I find a problem:
Minimize $c^tx$ subject to $x^tAx=1$, where $A$ is a positive semidefinite symmetric matrix.
But the question obligates to use KKT but I am trying to apply simple Lagrange multiplier solution but cannot cope with it.
Is that question solvable via Lagrange Multiplier or this method is only available for linear equality constraints?

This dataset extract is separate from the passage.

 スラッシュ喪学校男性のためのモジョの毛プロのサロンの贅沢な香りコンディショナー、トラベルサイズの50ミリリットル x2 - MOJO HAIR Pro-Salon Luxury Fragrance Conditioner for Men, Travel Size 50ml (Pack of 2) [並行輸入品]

If $A$ is a positive definite matrix then you can use usual Lagrangian methods but if $A$ is only positive semi-definite matrix then you have some constraint on the $x_s$ that is missing from your original question. For example, if $A=\left(\begin{array}{cc}0 & 0 \\0 & 1\end{array}\right)$ and $c=(-1,2)$ then there is no bounded solution. The "solution" in this example is $x_1=-\infty$ and $x_2=1$.

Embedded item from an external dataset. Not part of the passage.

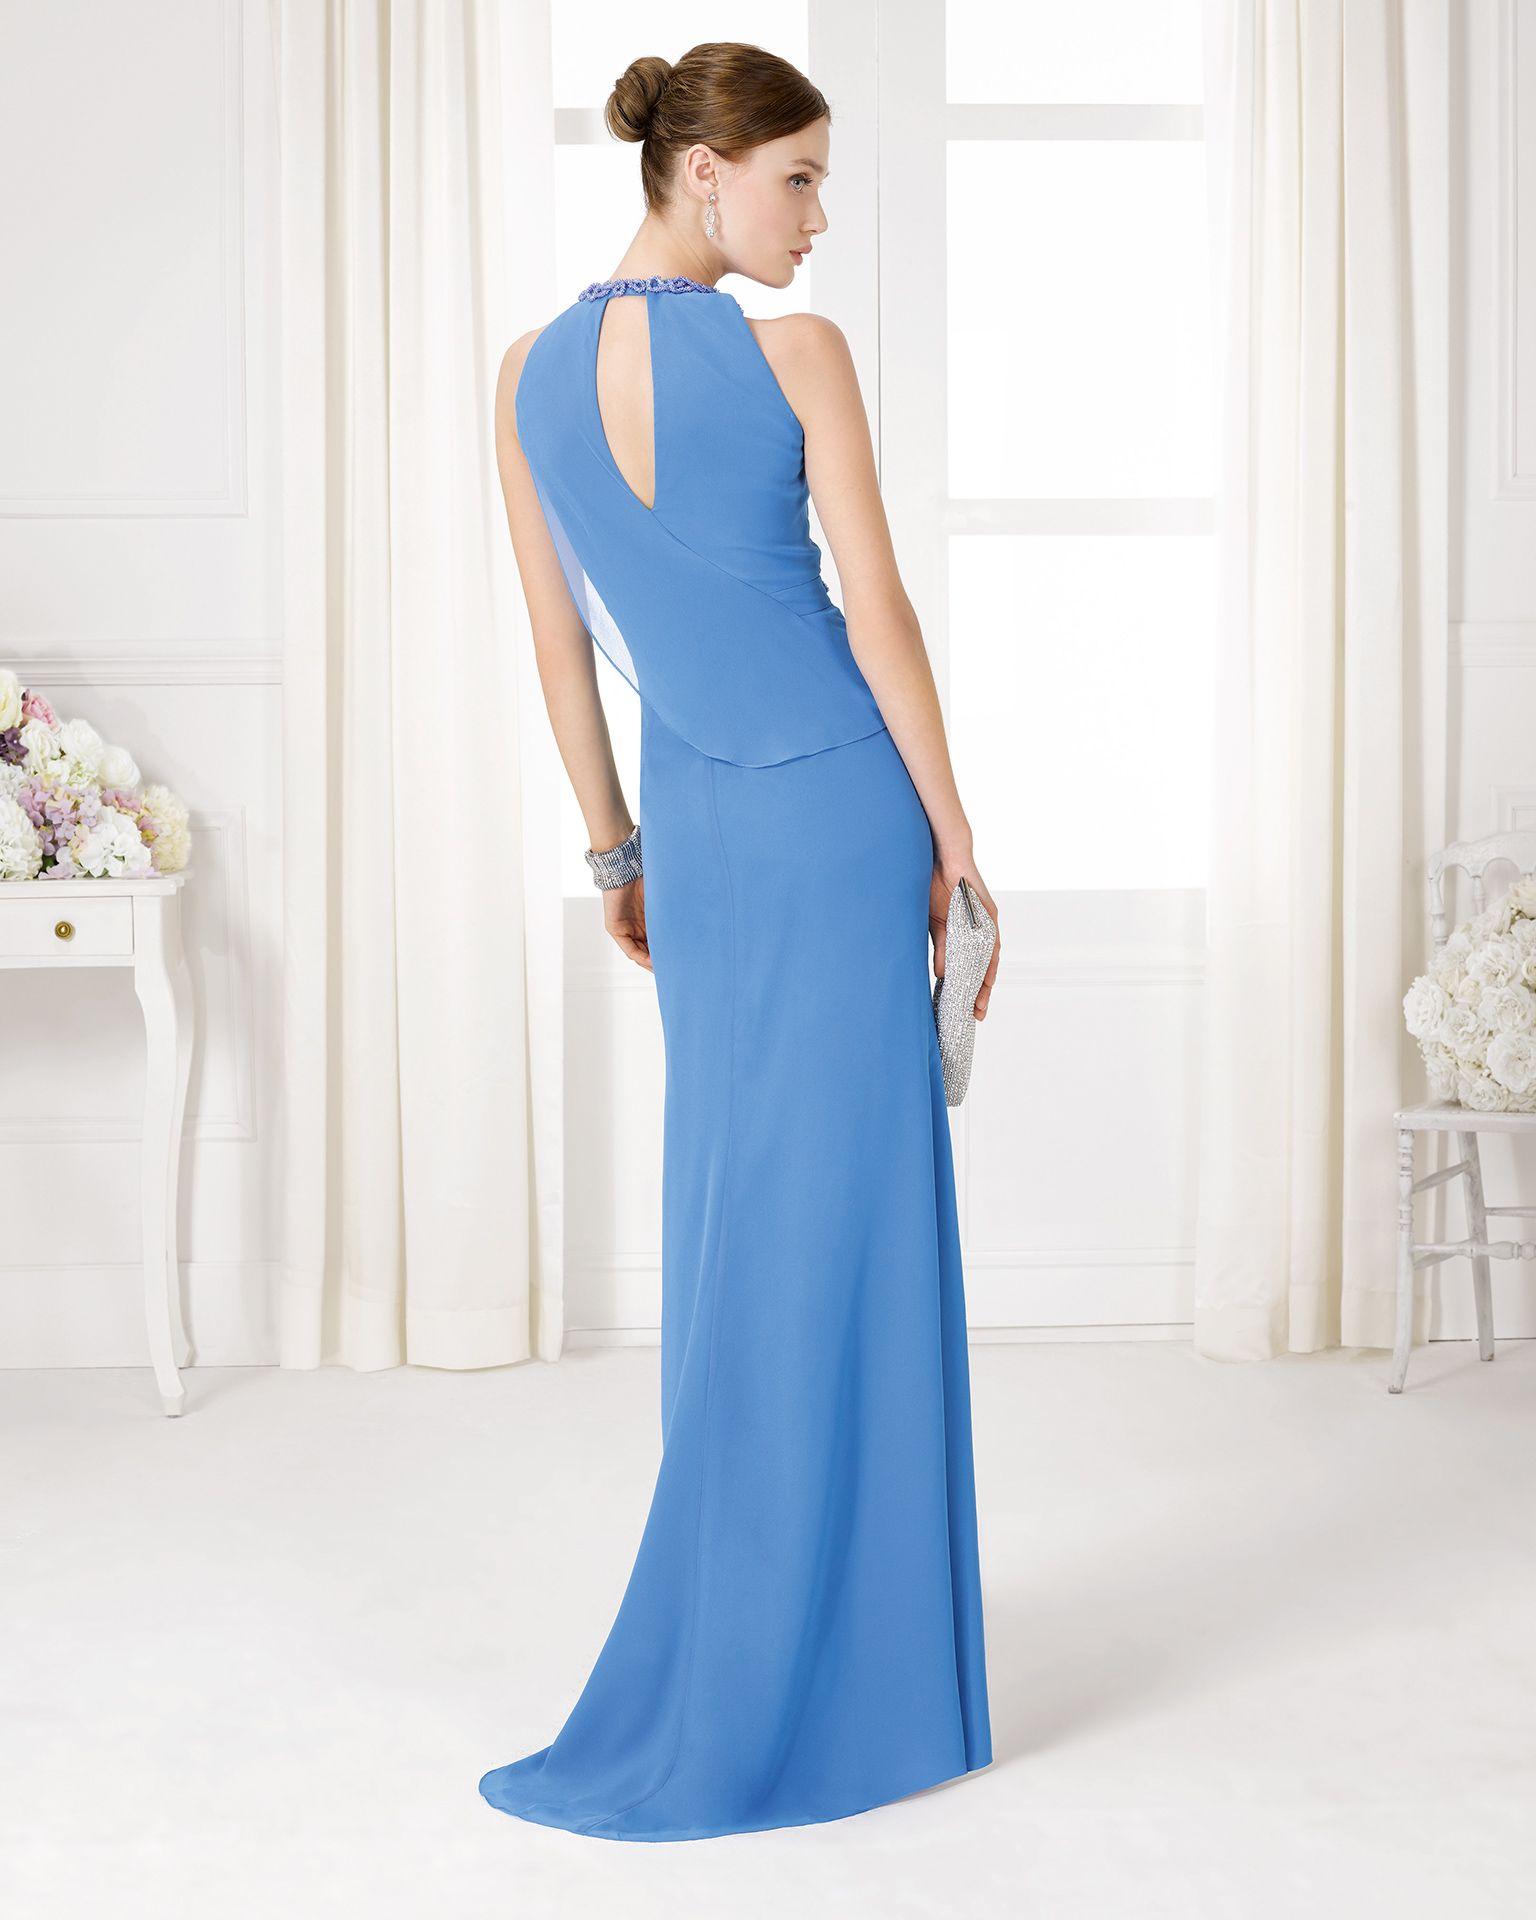 9U200 vestido y chal de fiesta en gasa y pedreria largo. | vestidos ...

In what follows I assume $A$ is a positive definite matrix.
The first-order condition for the optimization problem give us:
$$c - \lambda\,\left(A^t+A\right)x=0 \Rightarrow x=\dfrac{\left(A^t+A\right)^{-1}c}{\lambda}\Rightarrow x^tAx=\dfrac{c^t \left(\left(A^t+A\right)^{-1}\right)^tA\left(A^t+A\right)^{-1}c}{\lambda^2}=\dfrac{c^t \left(A^t+A\right)^{-1}A\left(A^t+A\right)^{-1}c}{\lambda^2}=1$$ where $\left(A^t+A\right)^{-1}$ is the inverse matrix of $\left(A^t+A\right)$ (notice that the existence of $\left(A^t+A\right)^{-1}$ is not guaranteed if $A$ were to be only semi definite). So $\lambda=\sqrt{c^t \left(A^t+A\right)^{-1}A\left(A^t+A\right)^{-1}c}$ and we finally get: $$ \boxed{x=\dfrac{\left(A^t+A\right)^{-1}c}{\sqrt{c^t \left(A^t+A\right)^{-1}A\left(A^t+A\right)^{-1}c}}}.$$
Suggestion: don't get intimidated with vector calculus. It always helps to do simpler versions of the problem in $\mathbb{R}^2$ to check you are on the right track.
Side work: $\nabla_x\left( c^t x\right) = c$ so $\nabla_x\left( y^tAx\right)= A^t y$ and $\nabla_y\left( y^tAx\right)= Ax$.